Keating and the commissioners have also acknowledged that one frustration for local property owners is that the real estate market has remained strong, including in rural areas, throughout the economic downturn brought on by the COVID-19 pandemic and crash in the energy market, meaning assessed values stay high.

Another frustration that it is “close to futile” for a tax protestor to effectively fight an assessment, Bertoglio said.

The sales data used to determine values is not public information because Wyoming is a non-disclosure state. It can only be attained through the “exchange of evidence” process between the protestor and the assessor’s office.

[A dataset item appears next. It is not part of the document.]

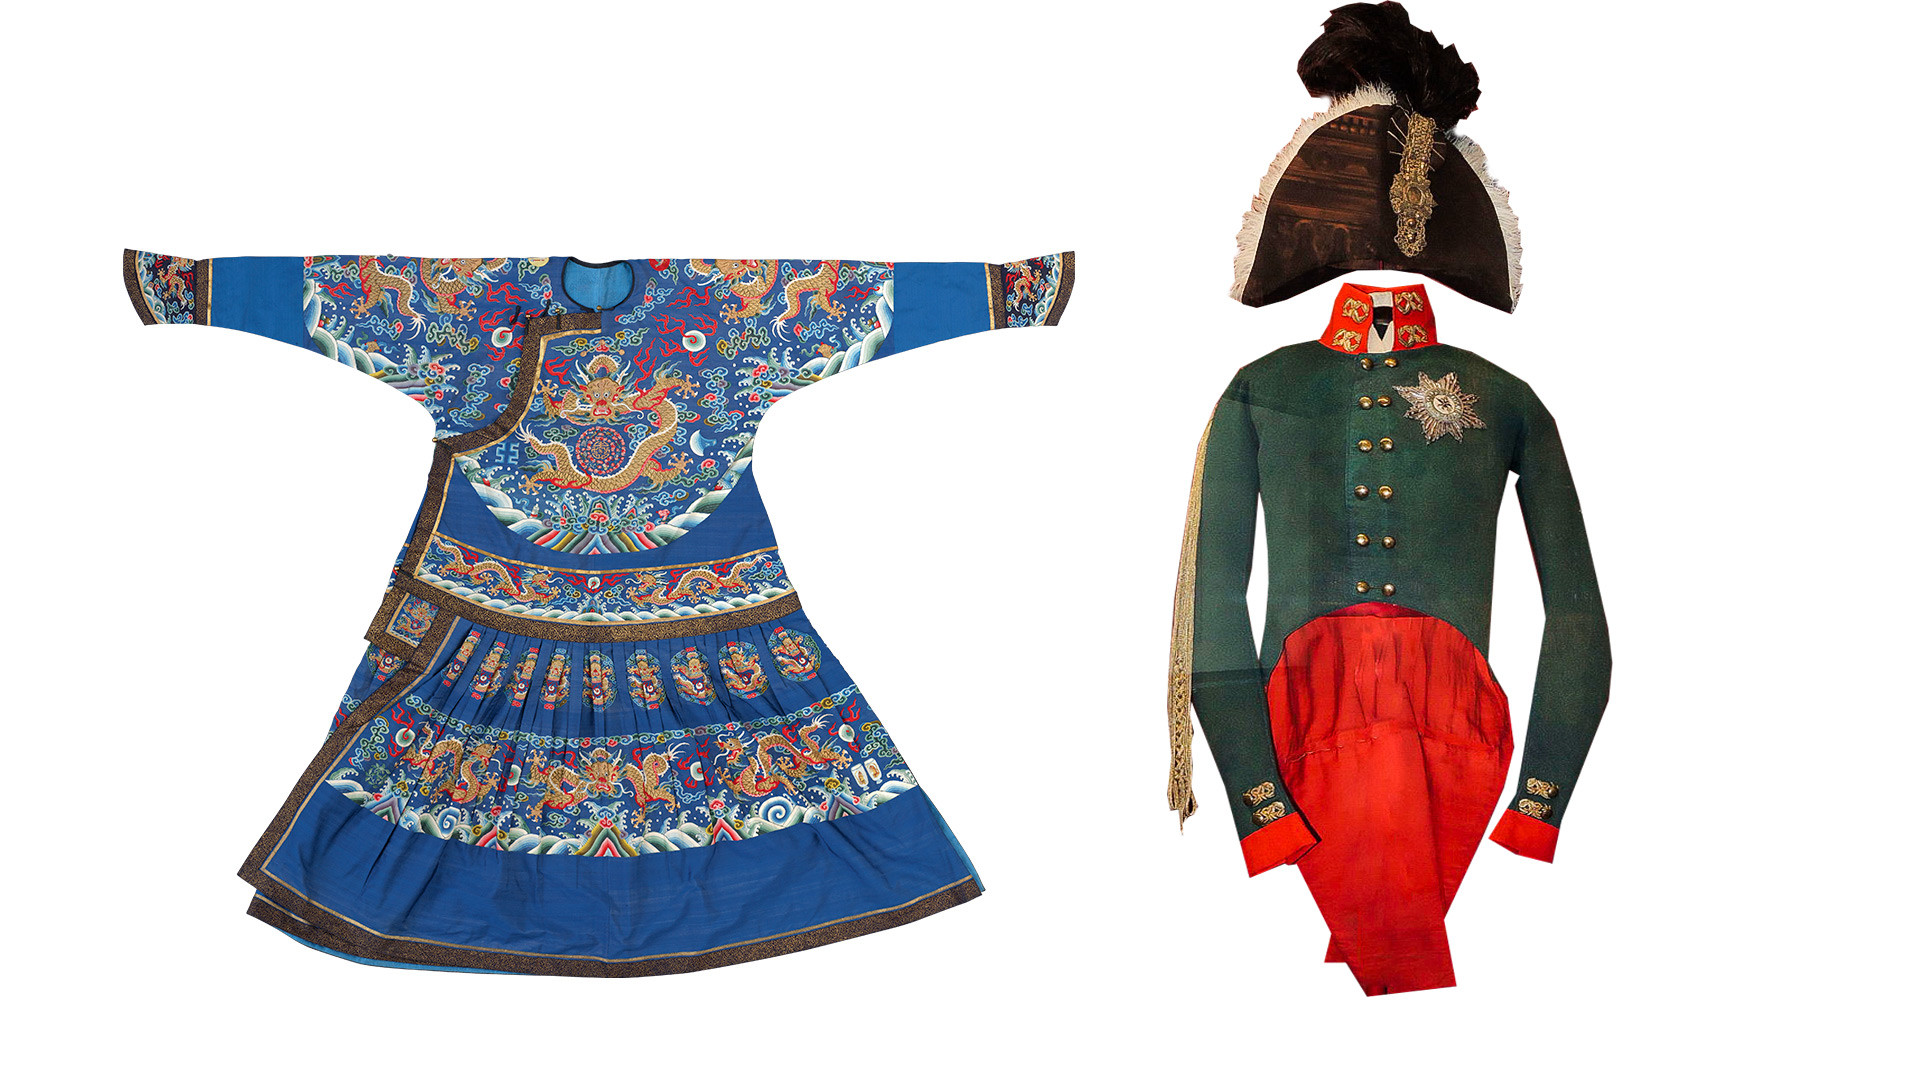 Лево: Свечана одећа цара. Династија Ћинг, владавина Ђијаћинга (1796.–1821.) Десно: Одећа са крунисања цара Александра Првог

Even with the evidence in hand, ordinary citizens are often at a loss as to how to use it to build their case.

“It’s stacked against the taxpayer,” said Commissioner Rob Hendry.

The now-infamous situation with property taxes in Natrona County was described in testimony this September to the Wyoming Legislature’s Joint Revenue Committee to provide some guidance for potential reforms.

Some ideas included modifying the 30-day window in which taxpayers have to file protests, changing Wyoming’s status as a non-disclosure state concerning real estate sales, and re-examining the statutory presumption that assessments are accurate.

Keating has also advocated for the return of the state Property Tax Refund Program, which has not been funded for the past two budget cycles. Keating calls it “a circuit breaker in the mass appraisal system that provided needed relief” to elderly and fixed-income taxpayers.